Earl Lynn Nelson (L) and Paul Eenhoorn (R) lay passed out after getting lost during a nighttime excursion in Skógar.

Earl Lynn Nelson (L) and Paul Eenhoorn (R) lay passed out after getting lost during a nighttime excursion in Skógar.

Getting Your Groove Back with Land Ho!

When Colin (Paul Eenhoorn) is invited to travel in tandem with his ex-brother-in-law, Mitch (Earl Lynn Nelson), on a road trip across Iceland, he is justifiably apprehensive. No longer married to the sisters who once connected them, Colin and Mitch are technically not related. Colin, a mild-mannered and reserved Australian-American, seems to be a bit intimidated by Mitch’s overweeningly brash demeanor. Maybe they cannot stand each other, but now that the aging men have grown sad and lonely (both men are currently single), they are grasping at straws for friends.

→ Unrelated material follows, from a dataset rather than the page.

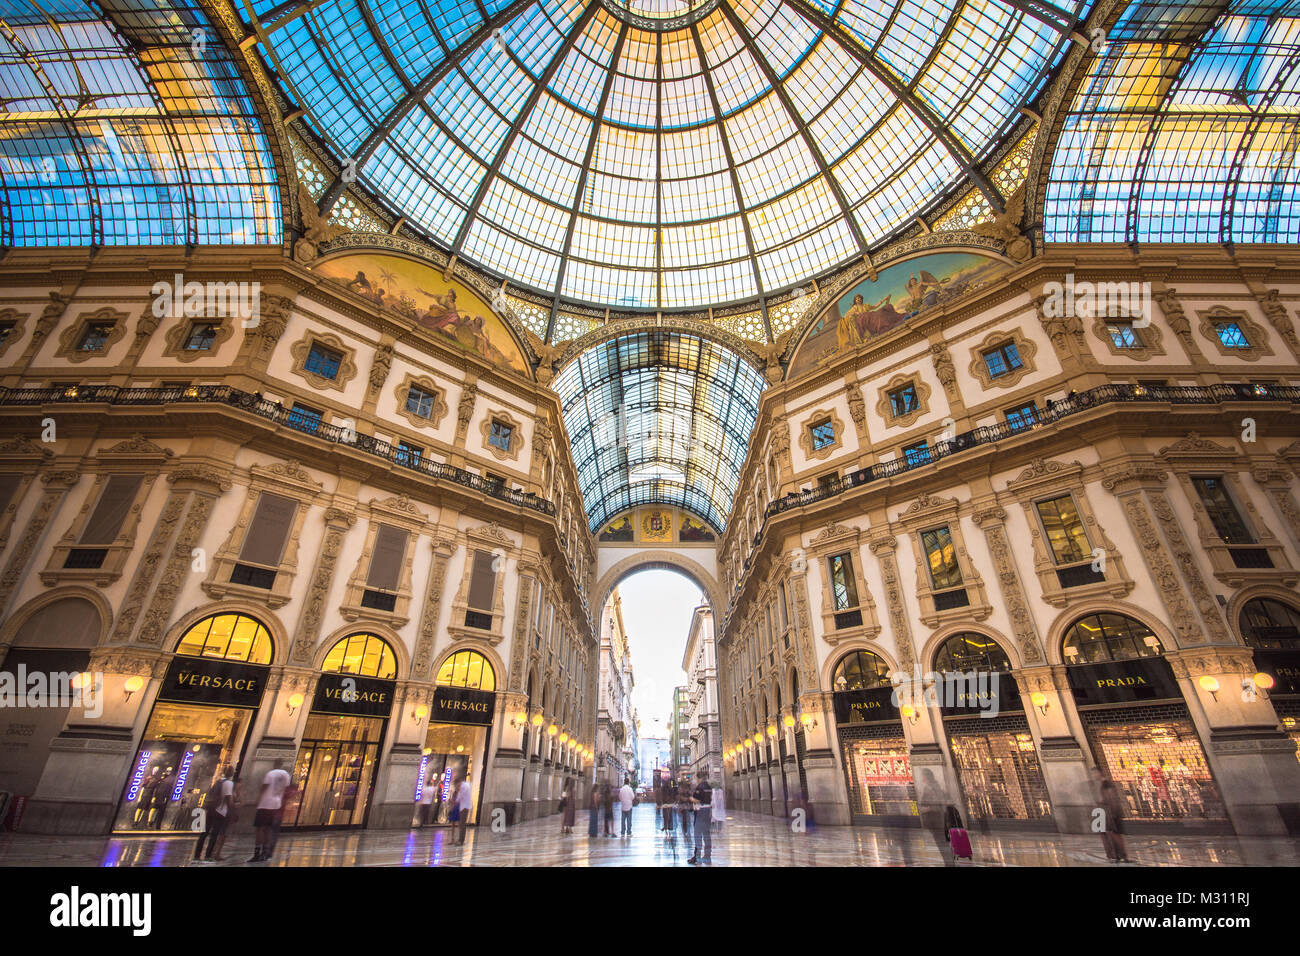 File:Galleria Vittorio Emanuele II 2382.jpg - Wikipedia
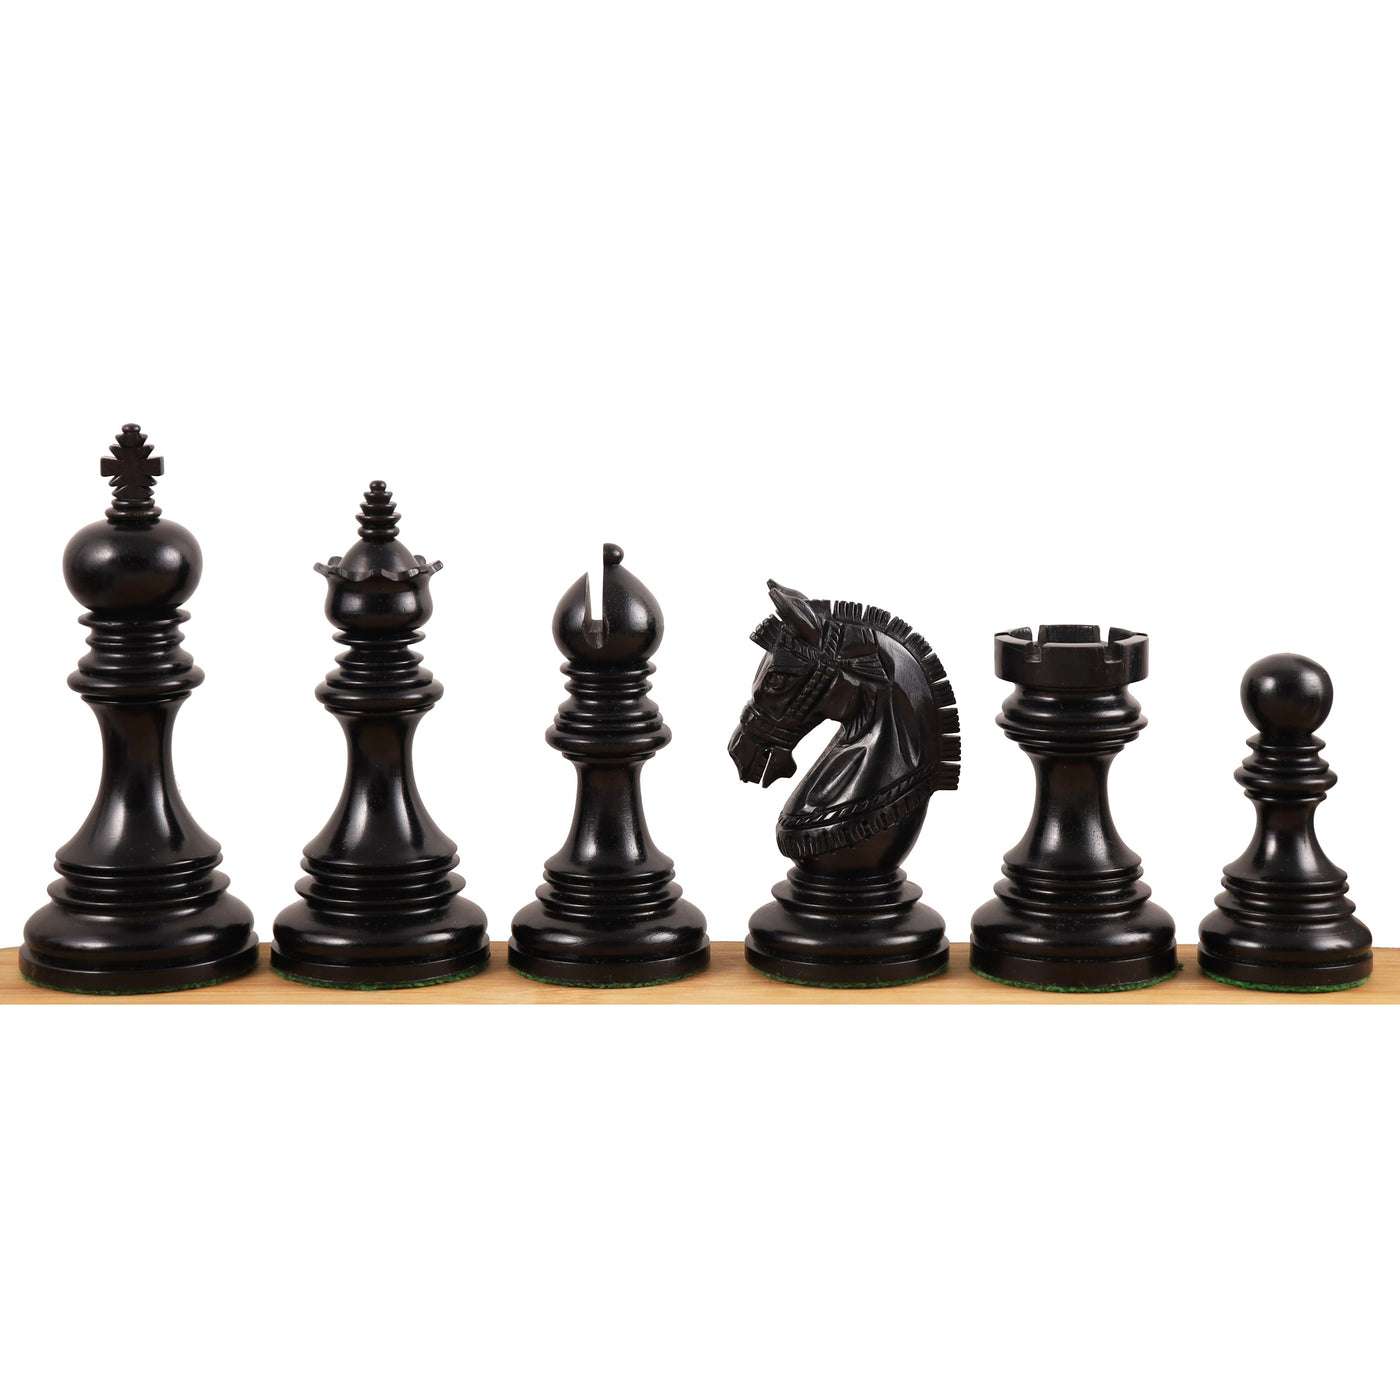 Combo of 4.1" Stallion Staunton Luxury Chess Set - Pieces in Ebony Wood with 23" Large Ebony & Maple Wood Chessboard and Storage Box

Colin and Mitch have each seen their dream careers take undesired turns with age; they are in dire need of an escape from their monotonous lives in order to get their groove back.

By no means another “Grumpy Old Men” rehash, Martha Stephens and Aaron Katz’s “Land Ho!” is presented with the utmost level of realism, relishing in the everyday moments of these two average men who are presumably being played by variations of the actors themselves. Thanks in no small part to the inherent structural nature of the road movie genre, the narrative of “Land Ho!” is constantly being propelled forward. Even in the quietest and most serene moments, there is always something interesting happening. Colin and Mitch’s most poignant moments are just as affecting as their comedic ones.

Whenever our attention is turned toward Nelson, we can anticipate comedic gusto. Eenhoorn is certainly no slouch when it comes to humor, but Nelson’s bravado is truly astonishing, especially whenever he partakes in some Icelandic “doobification.” Nelson is a sixtysomething man with a knack for politically incorrect, lewd and raunchy humor, but there is absolutely no denying that this man does not have a mean-spirited bone in his body. At this juncture in his life, Nelson is never going to become politically correct; he is the classic example of not being able to teach an old dog new tricks.

Coming from these two young writer-directors, “Land Ho!” is a surprisingly contemplative meditation on the social concerns of seniors, specifically in relation to aging and marginalization. “Land Ho!” functions as a psychological experiment masterminded by Stephens and Katz in which Eenhoorn and Nelson are placed in a variety of situations as the camera unobtrusively observes whatever happens. The motivation behind this endeavor seems to be a curiosity about aging and its effects on social behavior. With complete trust in Eenhoorn and Nelson, Stephens and Katz know that these two actors will provide the camera lens with a hefty dose of cinematic truth and make it as entertaining and endearing as humanly possible.

Some critics have written off “Land Ho!” as a propaganda piece for Icelandic tourism because of the prominent role that the natural beauty of Iceland plays in the narrative, but Stephens (“Pilgrim Song,” “Passenger Pigeons”) and Katz (“Cold Weather,” “Quiet City”) are known for making the natural environments of their respective films just as important as the protagonists themselves. Their strategy in “Land Ho!” is to allow Eenhoorn and Nelson to interact directly with their natural surroundings, which often prompts the two aging gents to react with childish glee. There is something practically primordial or prehistoric about the Icelandic landscape which frees Eenhoorn and Nelson from any social pressures or constructs. At times, it is as if they are the first and only humans to ever experience these idyllic places, which finally enables Eenhoorn and Nelson to just be themselves.

And sure, “Land Ho!” all but ignores the people of Iceland, relegating them to the inconsequential backdrop of the narrative, but the directors did not set out to make a film about the Icelandic population. Stephens and Katz remain completely honest to the perspective of the two lonely seniors who have traveled to a far-off land in order to delve deeply into existential self-analyses that will hopefully help them start their lives anew.

As a huge fan of Stephens and Katz’s past projects, it was no surprise to me that I fell head over heels in love with “Land Ho!” at the 2014 Sundance Film Festival. What really did surprise me, however, was just how freaking funny this film is. “Land Ho!” is one of the more uplifting films about aging in the history of cinema, one that strongly professes that it is never too late to get your groove back. Everyone — and I mean EVERYONE — needs to see “Land Ho!” when it is released by Sony Pictures Classics (Release Dates: Austin on August 22; Santa Fe & Albuquerque on August 29).